Problem description
The full listing, exactly as written and with no images, is the expected output.
---- Data extract
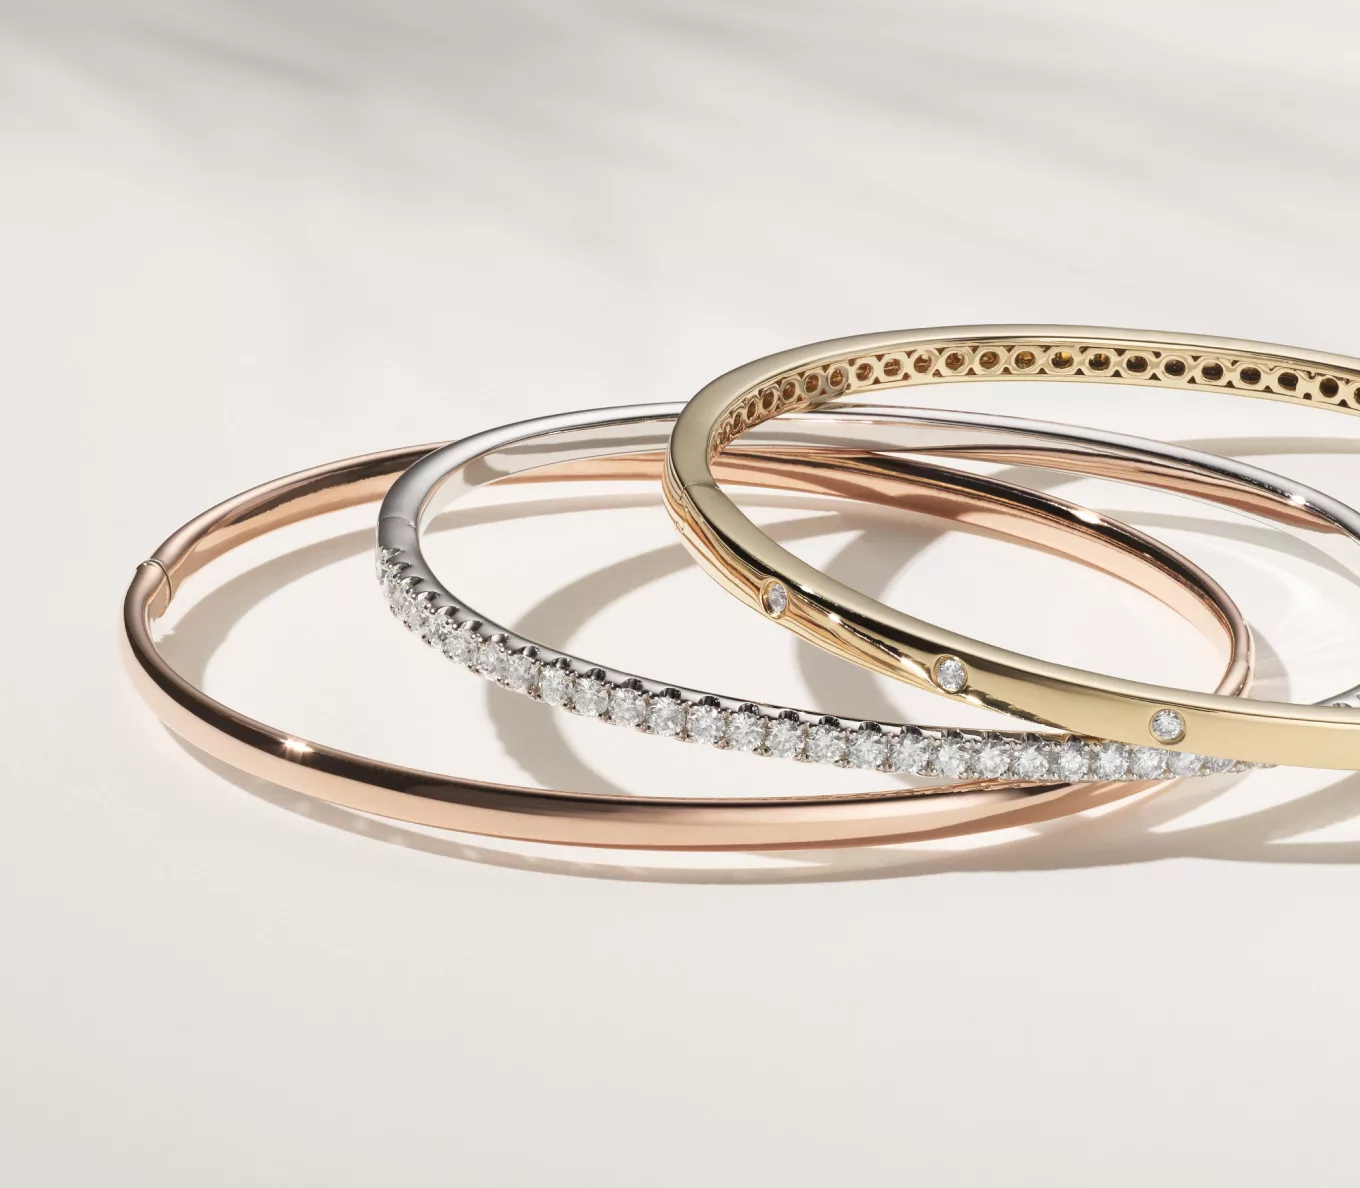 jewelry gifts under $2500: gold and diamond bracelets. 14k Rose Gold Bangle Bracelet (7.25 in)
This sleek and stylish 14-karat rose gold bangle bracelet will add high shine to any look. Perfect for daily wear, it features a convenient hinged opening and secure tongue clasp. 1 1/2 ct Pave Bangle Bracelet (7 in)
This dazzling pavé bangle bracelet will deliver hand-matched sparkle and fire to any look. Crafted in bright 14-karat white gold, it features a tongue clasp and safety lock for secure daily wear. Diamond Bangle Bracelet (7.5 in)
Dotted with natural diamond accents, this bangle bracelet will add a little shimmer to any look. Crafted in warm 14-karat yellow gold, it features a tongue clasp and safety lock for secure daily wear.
--------
Exercise output
 jewelry gifts under $2500: gold and diamond bracelets. 14k Rose Gold Bangle Bracelet (7.25 in)
This sleek and stylish 14-karat rose gold bangle bracelet will add high shine to any look. Perfect for daily wear, it features a convenient hinged opening and secure tongue clasp. 1 1/2 ct Pave Bangle Bracelet (7 in)
This dazzling pavé bangle bracelet will deliver hand-matched sparkle and fire to any look. Crafted in bright 14-karat white gold, it features a tongue clasp and safety lock for secure daily wear. Diamond Bangle Bracelet (7.5 in)
Dotted with natural diamond accents, this bangle bracelet will add a little shimmer to any look. Crafted in warm 14-karat yellow gold, it features a tongue clasp and safety lock for secure daily wear.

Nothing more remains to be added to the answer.